- Artist
- Joseph Beuys 1921–1986
- Medium
- Graphite and fat on paper
- Dimensions
- Support: 209 × 297 mm
frame: 680 × 525 × 33 mm - Collection
- ARTIST ROOMS Tate and National Galleries of Scotland
- Acquisition
- ARTIST ROOMS Acquired jointly with the National Galleries of Scotland through The d'Offay Donation with assistance from the National Heritage Memorial Fund and the Art Fund 2008
- Reference
- AR00671
Summary
Untitled 1965 by the German artist Joseph Beuys is a small drawing on a single sheet of writing paper, the right edge of which has been dipped into melted fat so that a vertical stain covers approximately a third of the paper surface.
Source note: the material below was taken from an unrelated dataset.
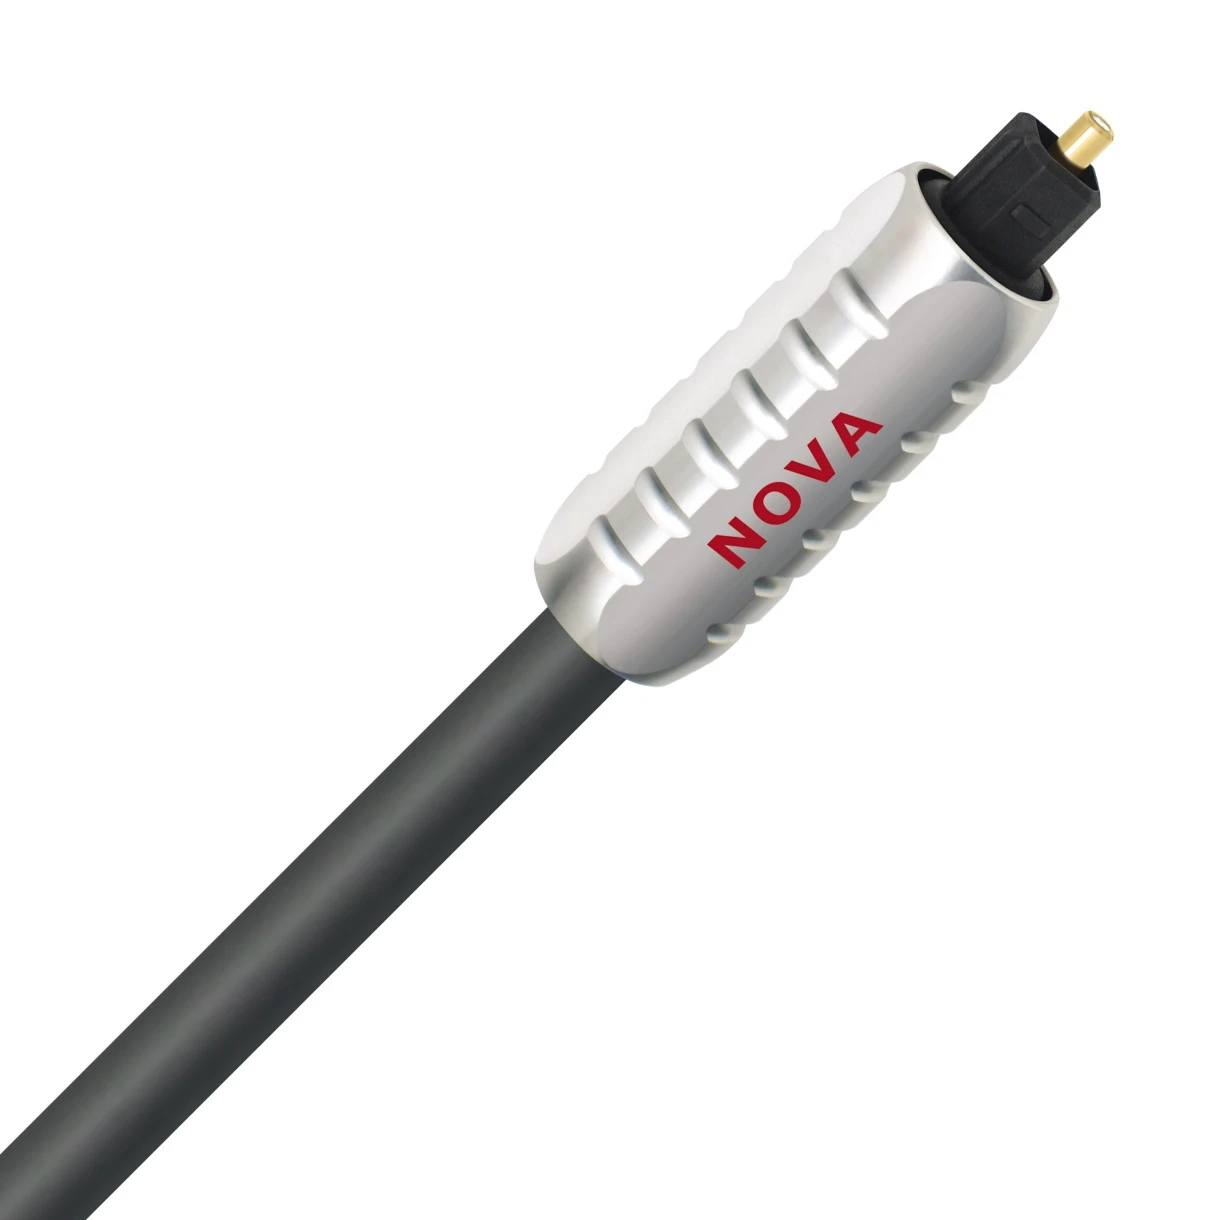 Wireworld-Nova-7-Toslink-Optical-toslink-connector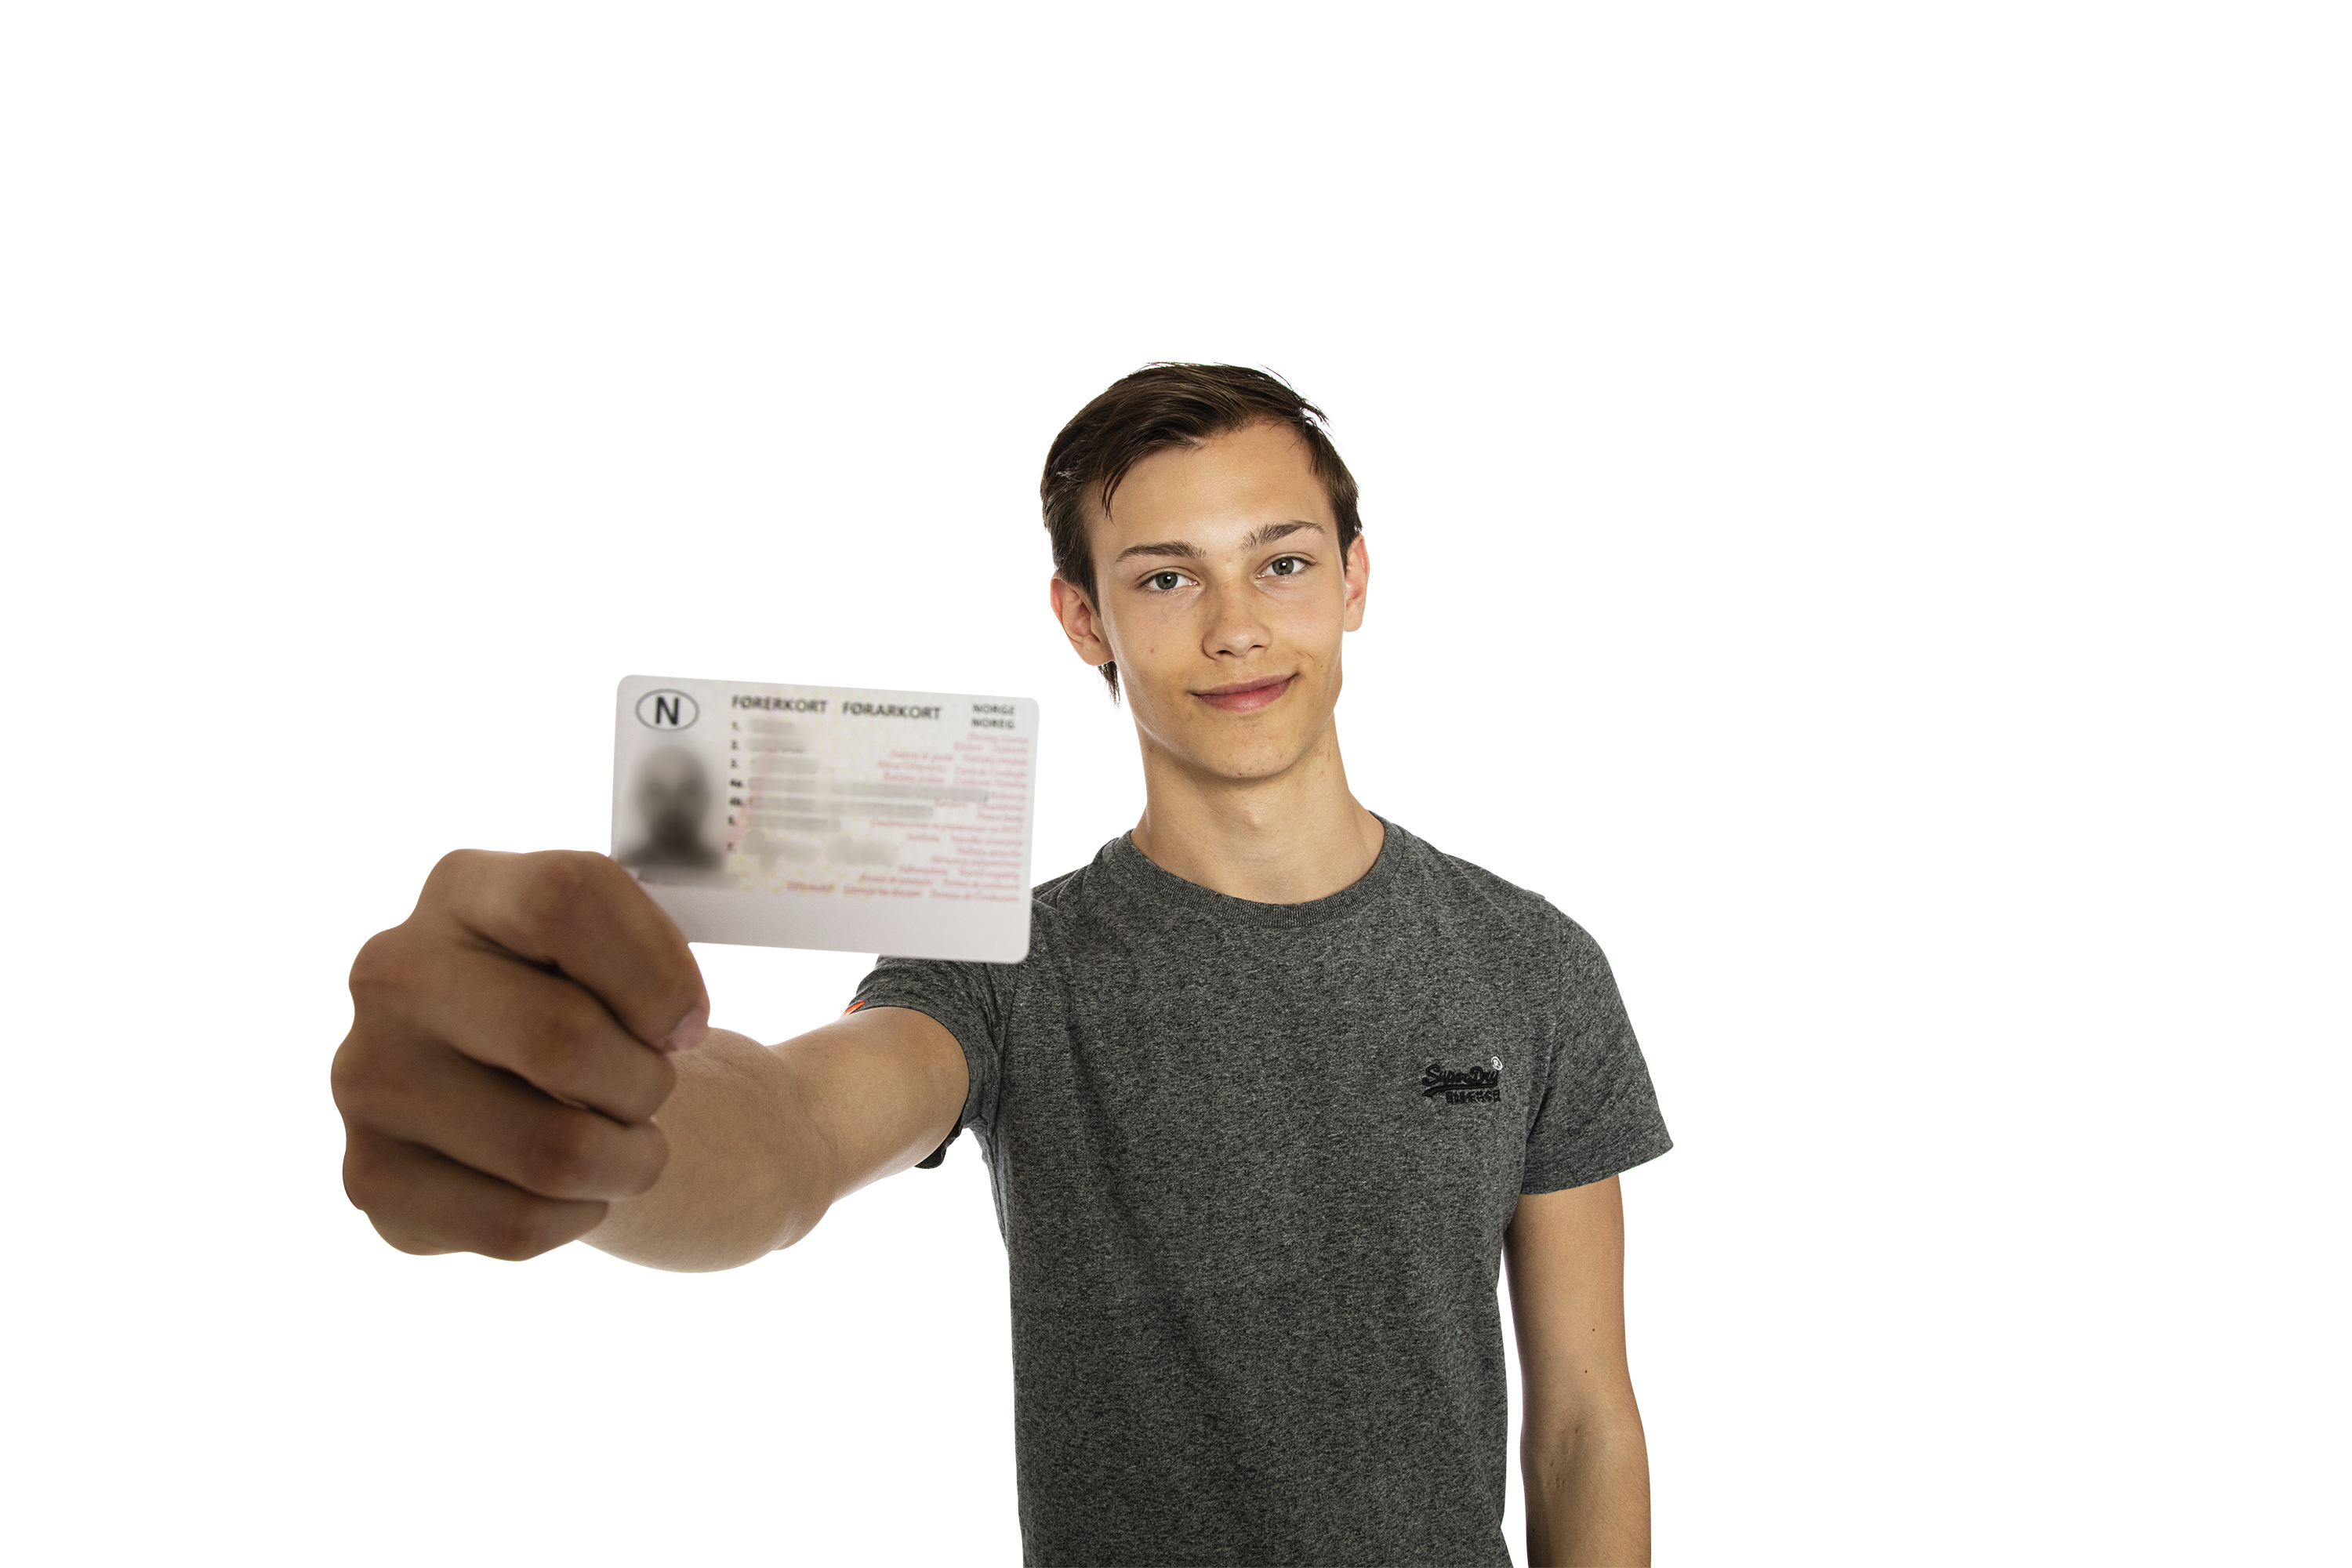 Fornøyd gutt viser frem førerkortet sitt. Tekst og tall på førerkortet er ikke lesbart og har blitt anonymisert.

Five columns of crossed-out numbers written in pencil occupy the unstained side of the sheet, which is pale cream in colour, while two similar columns of crossed-out numbers are covered by the vivid yellow hue of the fat-stained section. This drawing is signed and dated 1965 on its reverse by the artist. The fat is likely to darken further with age, thereby increasing the tonal contrast within the drawing. Fat is one of the key recurring materials used by the artist in his performances, drawings, sculptures and installations, such as Fat Chair 1964–85 (Tate AR00088) and Fat Battery 1963 (Tate T03919). The artist’s use of fat stems from a possibly apocryphal wartime encounter with the nomadic Tartar people, who wrapped Beuys in fat and felt to keep him insulated after his German warplane crashed in the Crimean peninsula in 1943. The artist was interested in the transformative and nourishing potency of fat, and made use of the substance in both its liquid and solid states. Beuys used fat as a drawing material in many other works on paper, such as 2 Sheep’s Heads 1961–75 (Tate AR00647).
When asked about his approach to drawing in a 1984 interview, Beuys explained:
There are a lot of things which I call drawings, nevertheless they are mostly – what is the term? It’s not a line, it is a surface, it’s a full surface, or at least big complexes of this stuff. I call all those things drawings because I do not have such a specialized understanding of a drawing, that a drawing mostly exists of line or scribbling or making shadowy effects with the pencil.
(Quoted in Rose 1993, p.22.)
This description illuminates the artist’s expansive and experimental approach to undertaking work on paper: it is not the rendering of skilful graphic techniques that interests him, but rather the overall accumulation of data and surface qualities. All of the numbers in this drawing have been scored out, to suggest a process of counting down or cancellation, even though it is unclear what these numbers refer to. The numbers get bigger in size as they increase in value. On the fat-coated section of the paper the numbers start with 4 and finish with 74. The list is then started again in the top left corner of the sheet, starting with number 75, then 78, then 84, to finish with 322 just below the mid-point of the paper. Across the list the gaps between the numbers are irregular. The curator Ann Temkin has considered Beuys’s habit of list-making, as seen in the methodical counting down of this work and in many other drawings:
The activity of list-making can be traced to Beuys’s early studies in natural science and would continue throughout his life. Beuys began to make work lists in quantity at the time of his interest in Fluxus, when he painted over such lists with images or several brown crosses … Lists, as tools for organizing one’s world, tap into the thought patterns fundamental to daily existence … In their reordering of typical classifications, Beuys’s early lists already anticipate his work of the 1960s, which would address the heart of Western assumptions about order and disorder, sameness and otherness. The obsession with indexing and list-making shared by all the Fluxus artists reflects similar motivations.
(Temkin and Rose 1993, pp.42, 50.)
Fluxus-Name List 1963 (Tate AR00658) is another list drawing in ARTIST ROOMS that dates from a slightly earlier period during the height of Beuys’s involvement with Fluxus. In conversation with his private secretary Heiner Bastian and the curator Jeannot Simmen in 1979, Beuys offered perhaps the most cogent articulation of his drawing practice, saying: ‘My drawings make a kind of reservoir for me, that I can get important impulses from. In other words, they’re a kind of basic source material that I can draw from again and again.’ (Quoted in Bastian and Simmen 1979, p.94.)
Further reading
Heiner Bastian and Jeannot Simmen, Joseph Beuys – Zeichnungen, Tekeningen, Drawings, exhibition catalogue, Nationalgalerie, Berlin 1979, reproduced pl.89.
Bernice Rose, ‘Thinking is Form: The Drawings of Joseph Beuys’, MoMA, no.13, Winter 1993, pp.16–23.
Ann Temkin and Bernice Rose (eds.), Thinking is Form: The Drawings of Joseph Beuys, exhibition catalogue, Philadelphia Museum of Art and The Museum of Modern Art, New York 1993.